PostgreSQL Client Responsibilities
- Upsert chunk rows with metadata and content
- Upsert embeddings for pgvector similarity
- Maintain FTS (tsvector) index
- Execute vector and sparse searches with corpus scope
Neo4j Client Responsibilities
- Ensure database exists (per mode)
- Ensure vector index on Chunk nodes when enabled
- Upsert entities and relationships
- Expand from seed hits to related chunks
flowchart LR
CH["Chunks"] --> PG["PostgreSQL"]
EMB["Embeddings"] --> PG
ENT["Entities"] --> NEO["Neo4j"]
REL["Relationships"] --> NEO Configuration Hooks
| Section | Field(s) | Meaning |
|---|---|---|
| indexing | postgres_url | DSN for Postgres |
| graph_storage | neo4j_uri, neo4j_user, neo4j_password | Neo4j connectivity |
| graph_storage | neo4j_database_mode, neo4j_database_prefix | DB isolation strategy |
| graph_indexing | store_chunk_embeddings, chunk_vector_index_name | Neo4j vector search on chunks |
# Resolve Neo4j database name for a corpus (1)!
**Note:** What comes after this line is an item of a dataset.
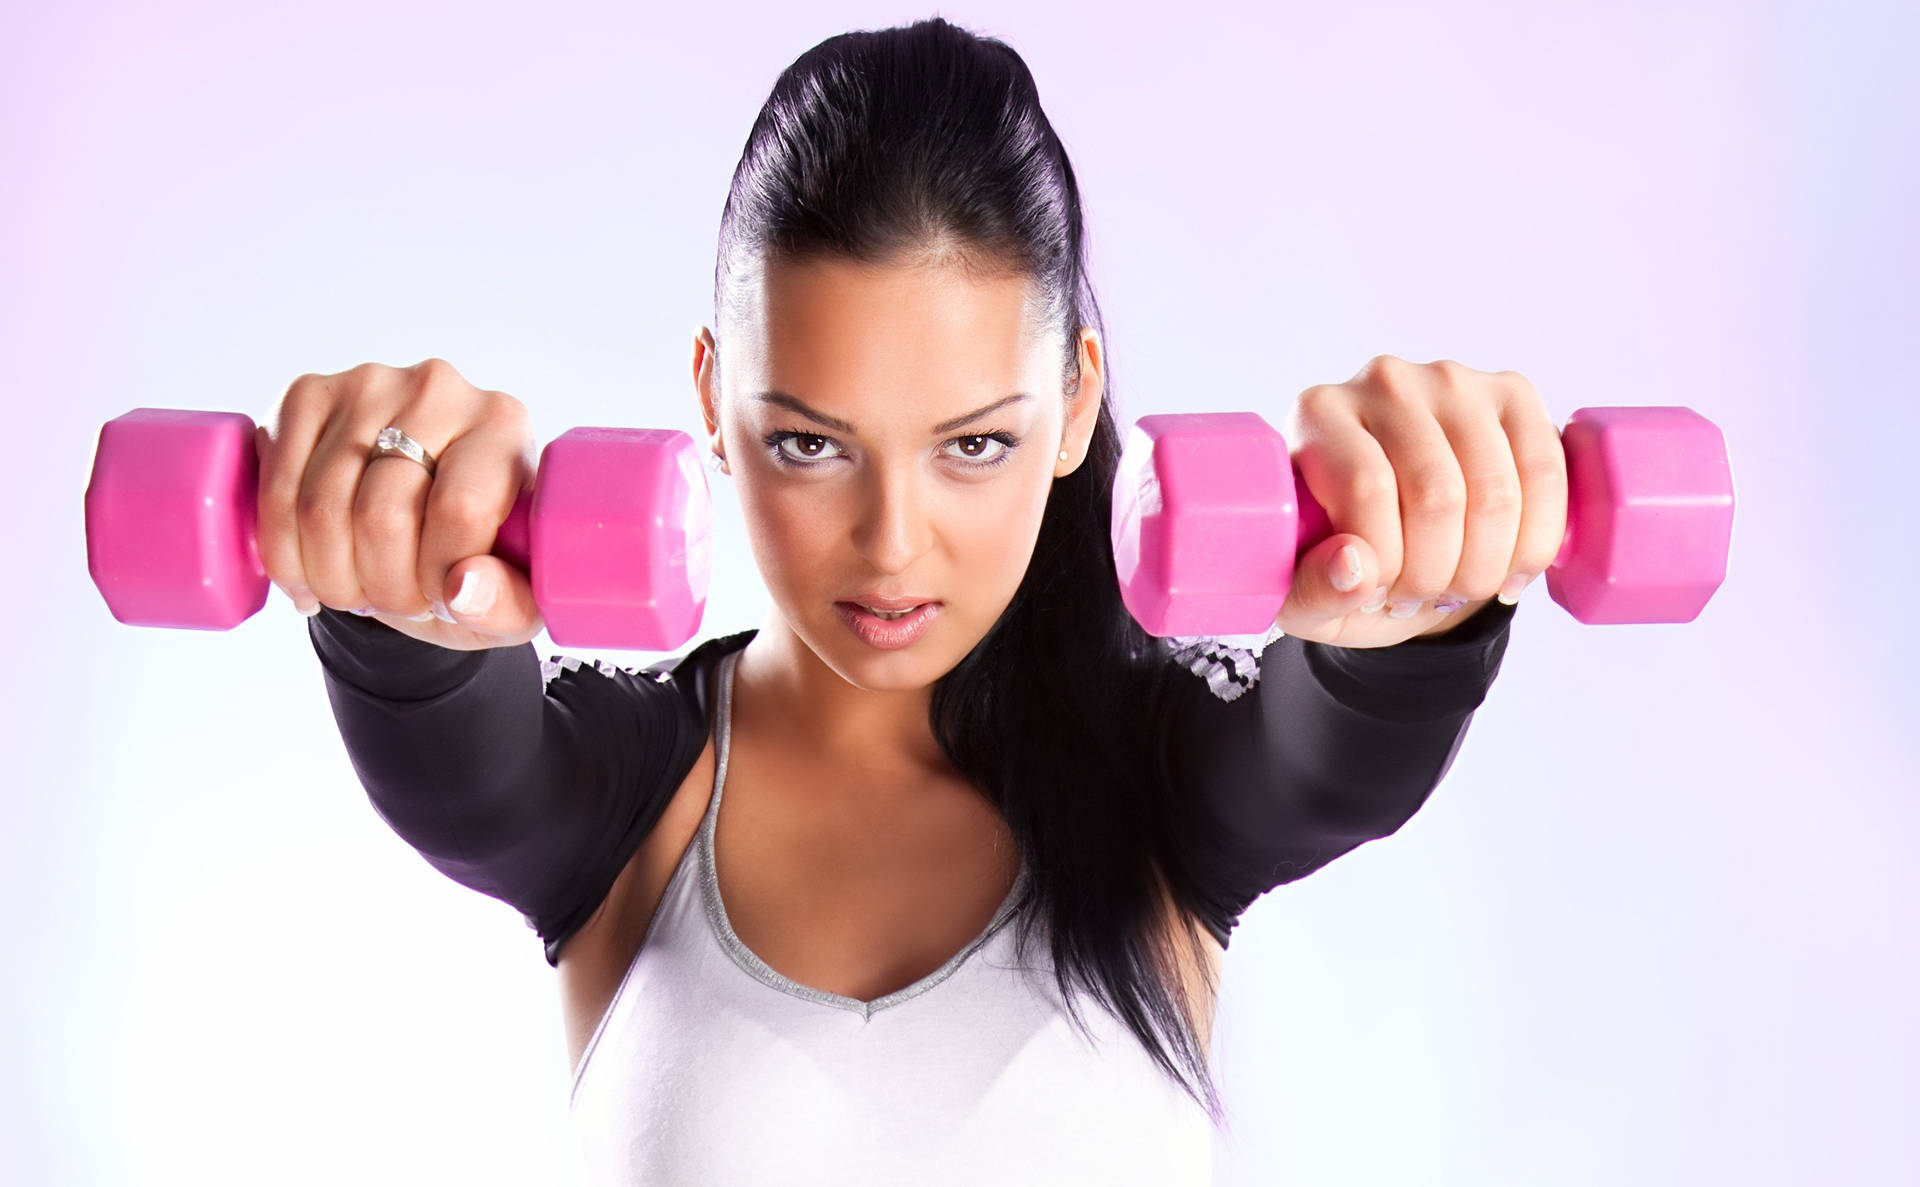 Fit Woman Holding Pink Dumbbells Wallpaper

from server.models.tribrid_config_model import GraphStorageConfig
print(GraphStorageConfig().resolve_database("dev_corpus"))
- Uses prefix + sanitized corpus id in per_corpus mode
Vector Similarity
Set graph_indexing.vector_similarity_function to cosine or euclidean based on your embedding model norms.